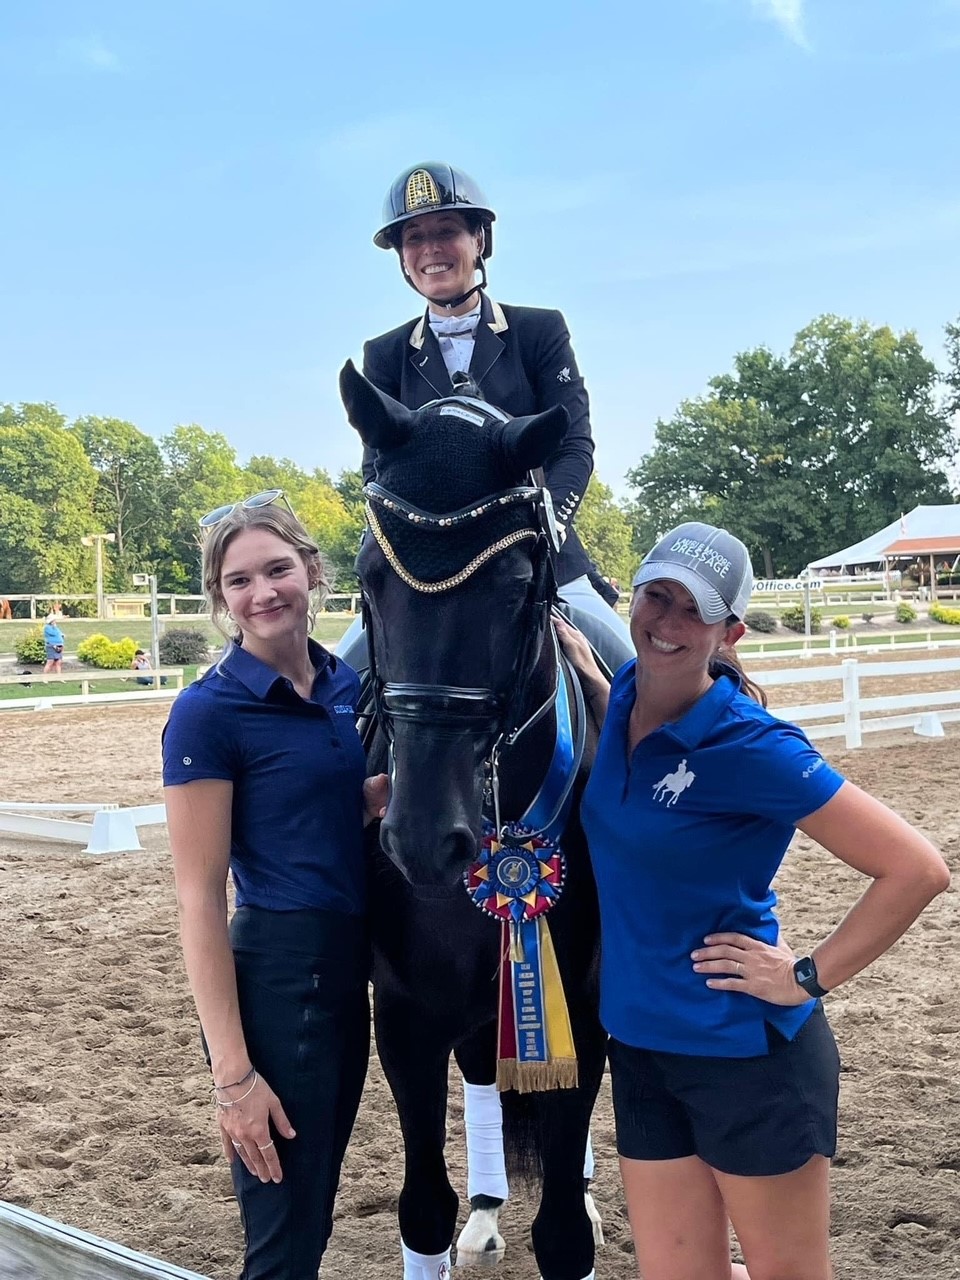 Groom Kelly Steele with Pam Heglund on Hottie at the regional championships
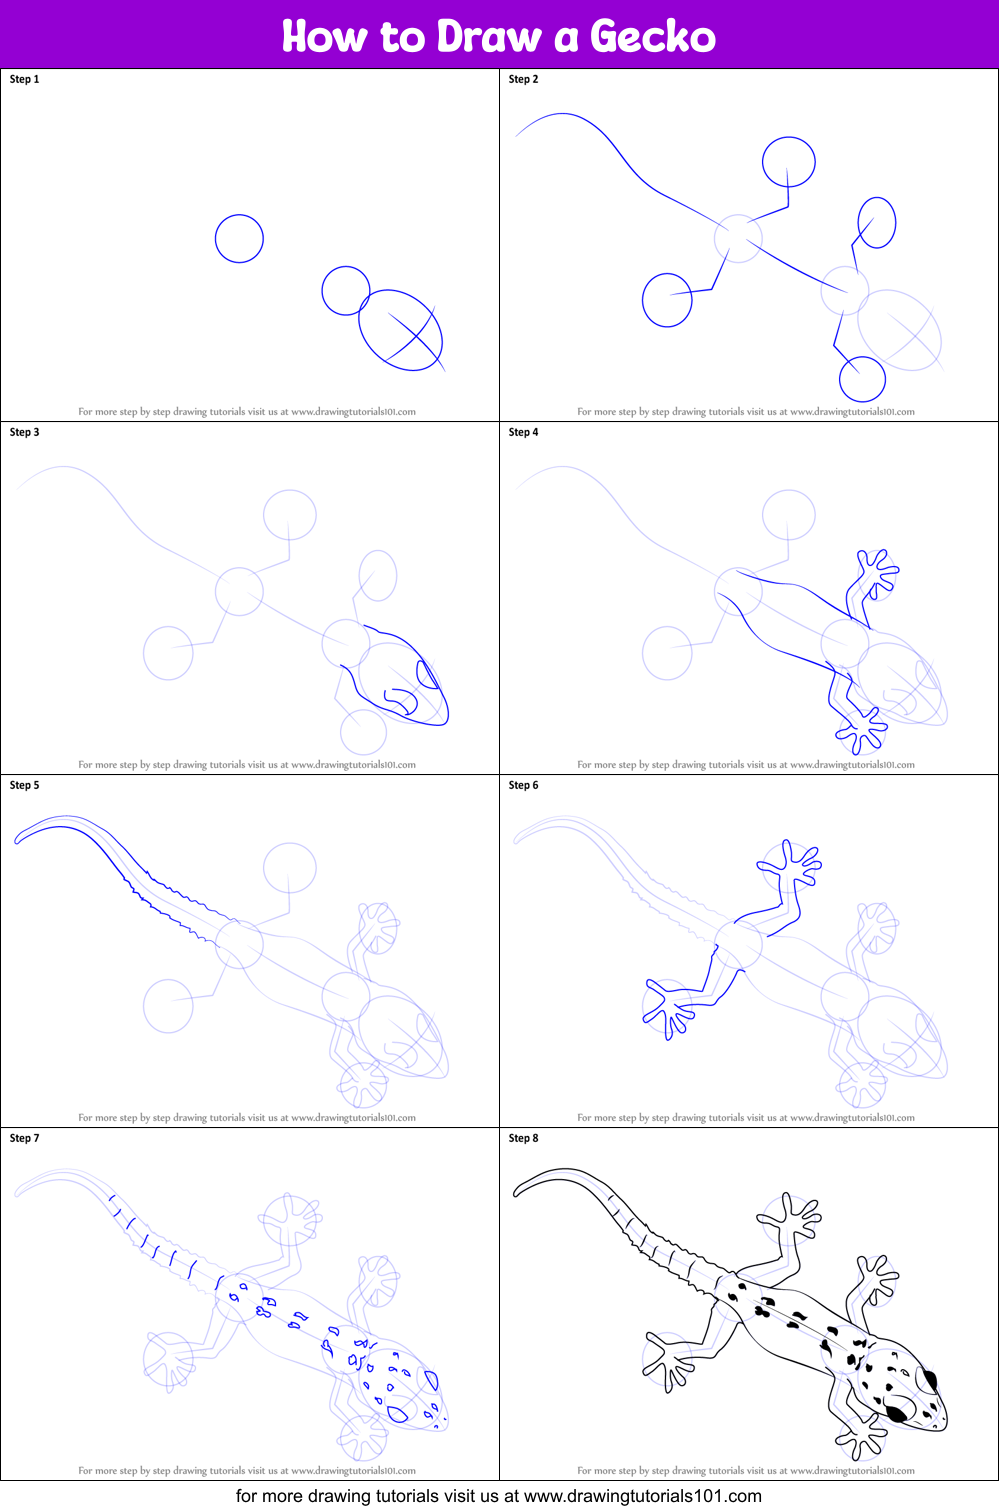 How to Draw a Gecko printable step by step drawing sheet
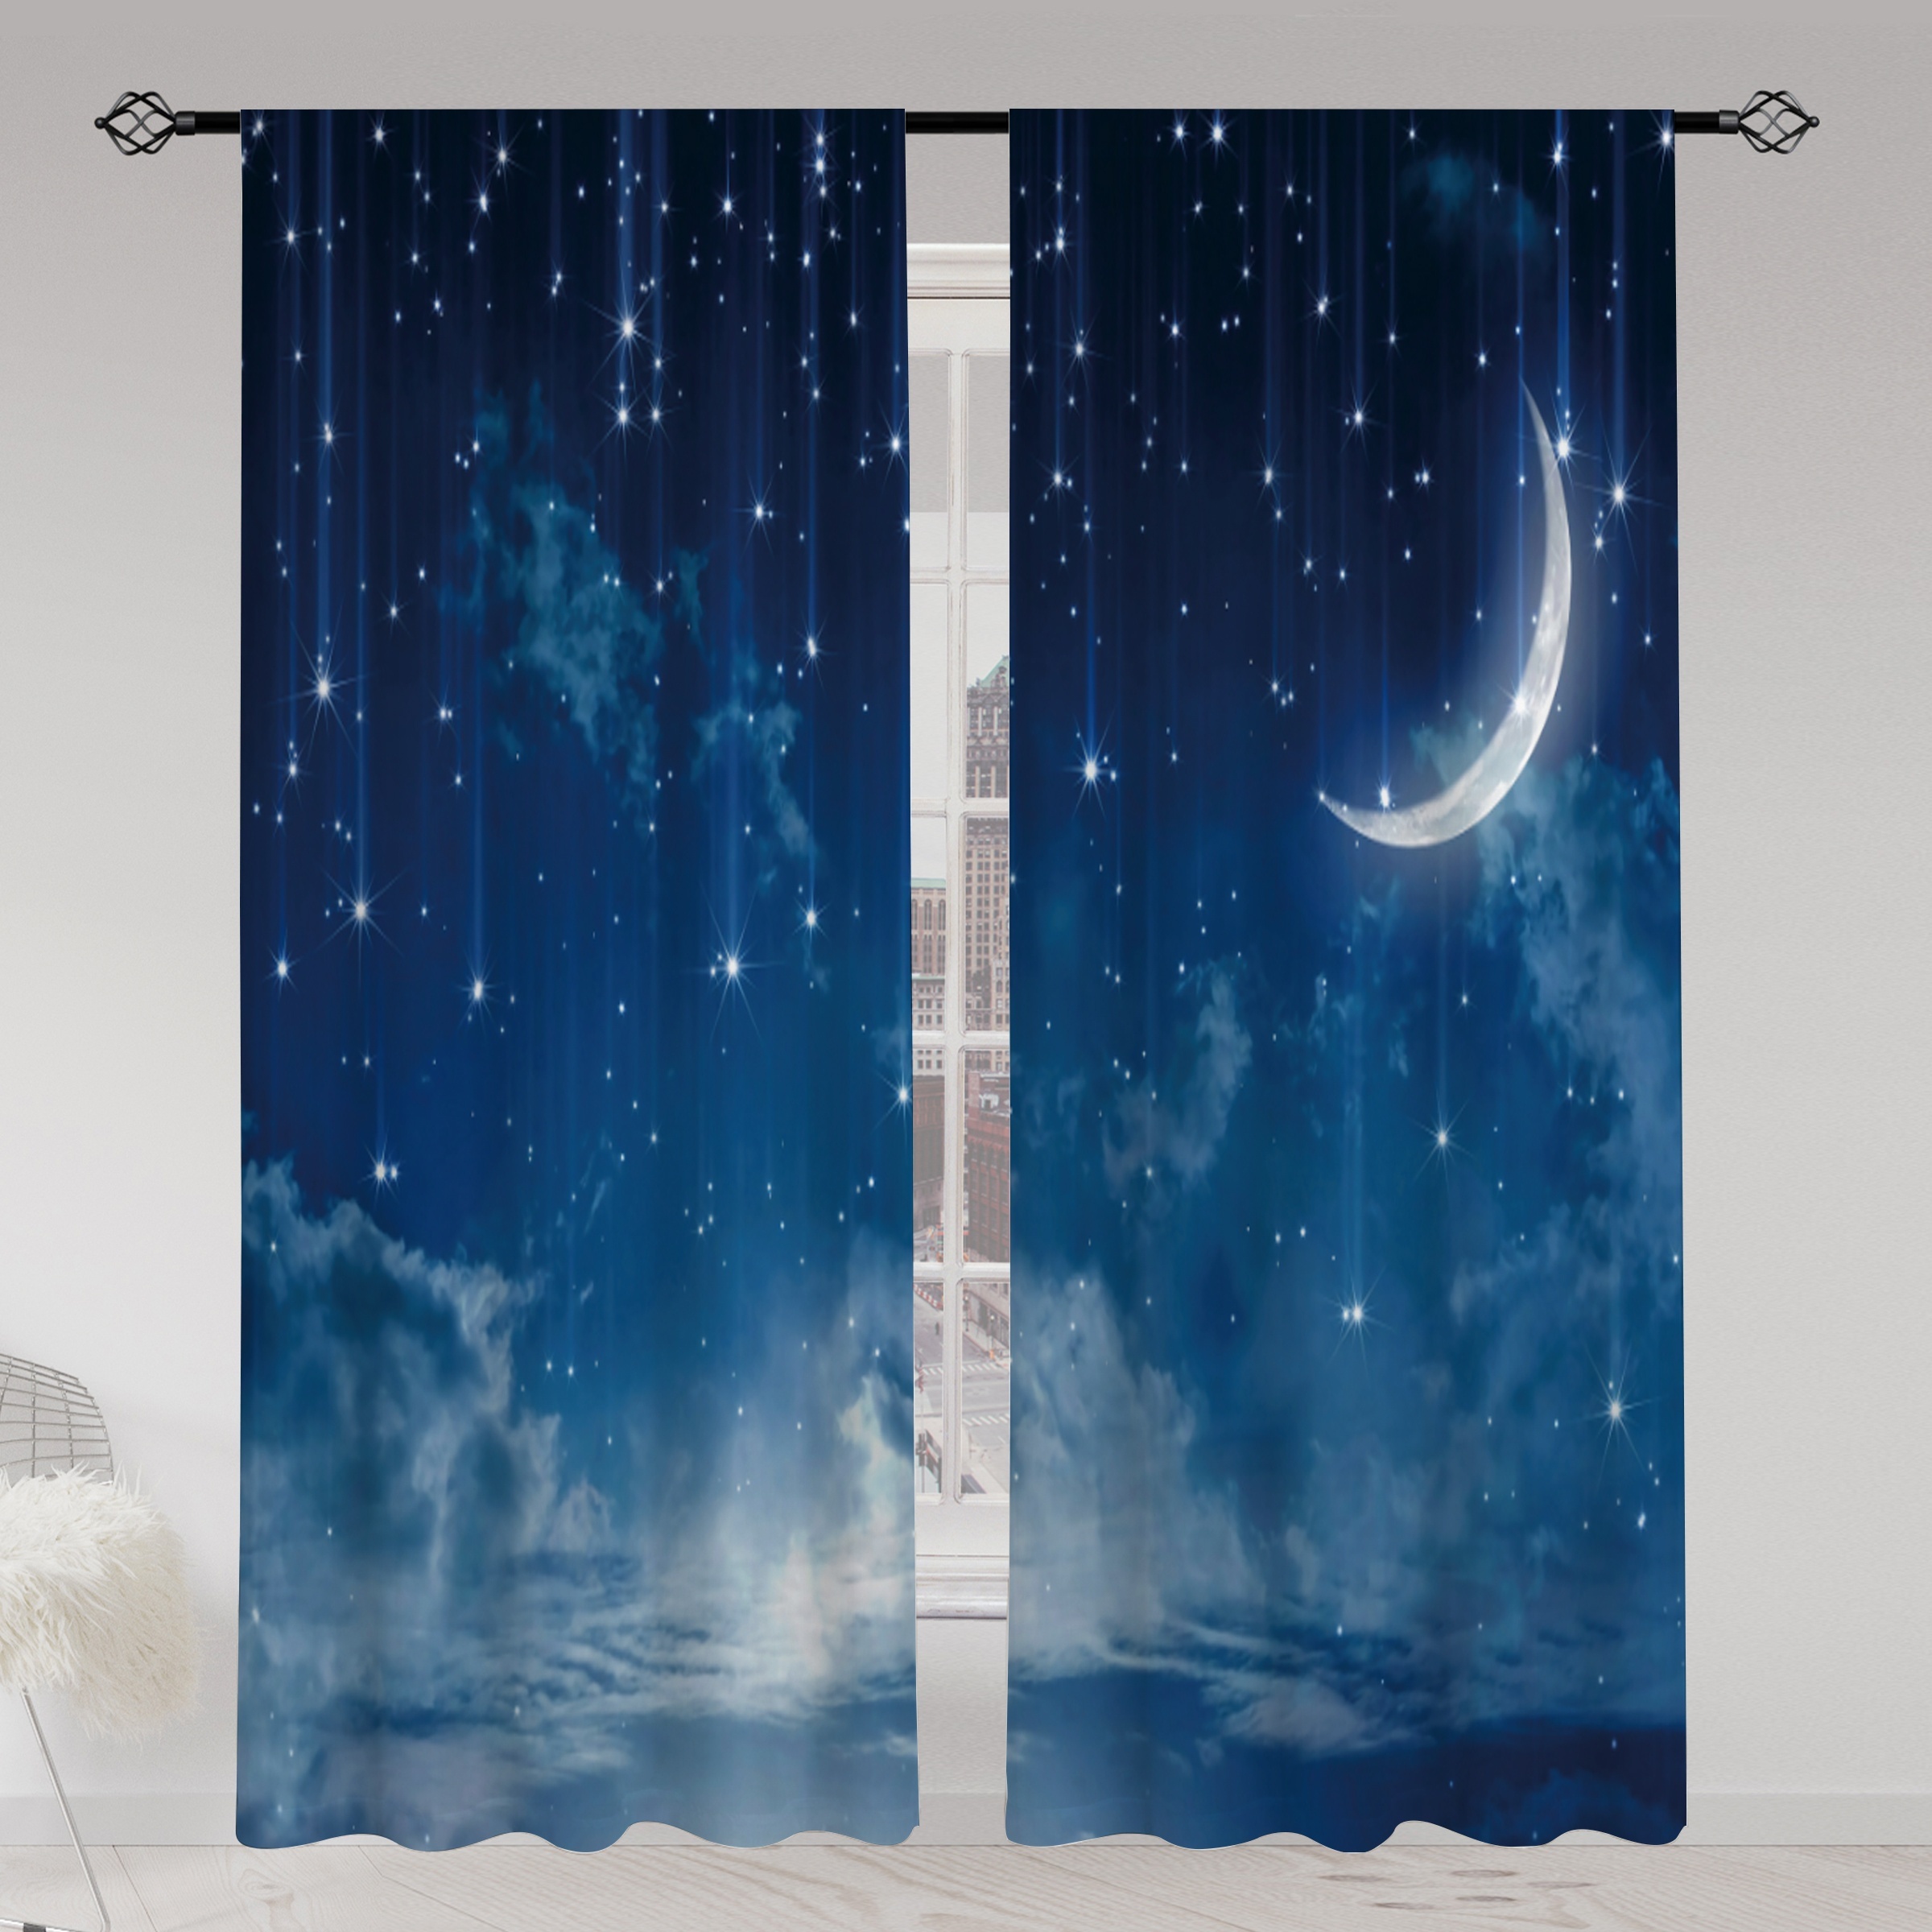 

2pcs, Flow Star Empty Printed Translucent Curtains, Multi-scene Polyester Rod Pocket Curtain For Living Room Game Room Bedroom Home Decor Party Supplies
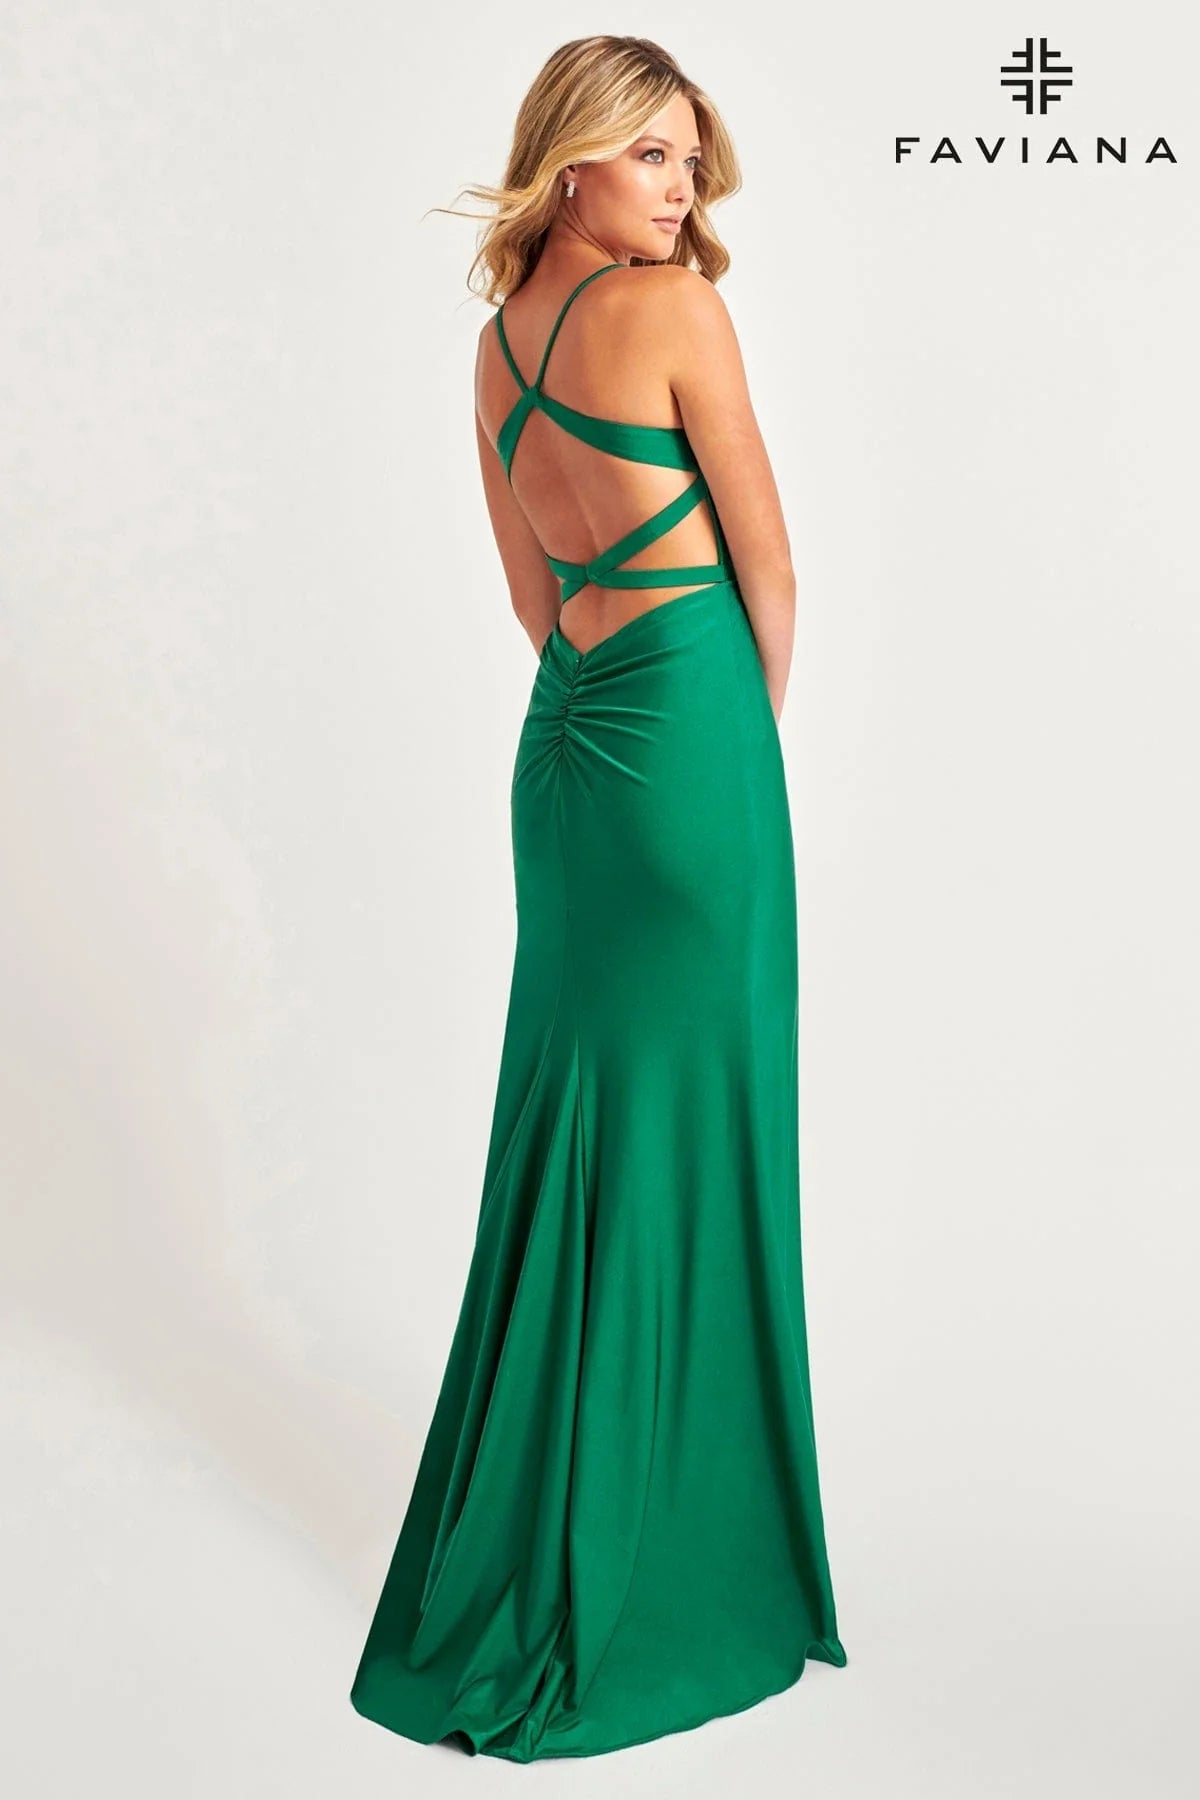 Dark Emerald Strappy Back Detail Formal Dress With Scoop Neck And Ruching

* * *

Every line above is to be returned exactly, with its pictures removed.

 Groom Kelly Steele with Pam Heglund on Hottie at the regional championships
 How to Draw a Gecko printable step by step drawing sheet

2pcs, Flow Star Empty Printed Translucent Curtains, Multi-scene Polyester Rod Pocket Curtain For Living Room Game Room Bedroom Home Decor Party Supplies
 Dark Emerald Strappy Back Detail Formal Dress With Scoop Neck And Ruching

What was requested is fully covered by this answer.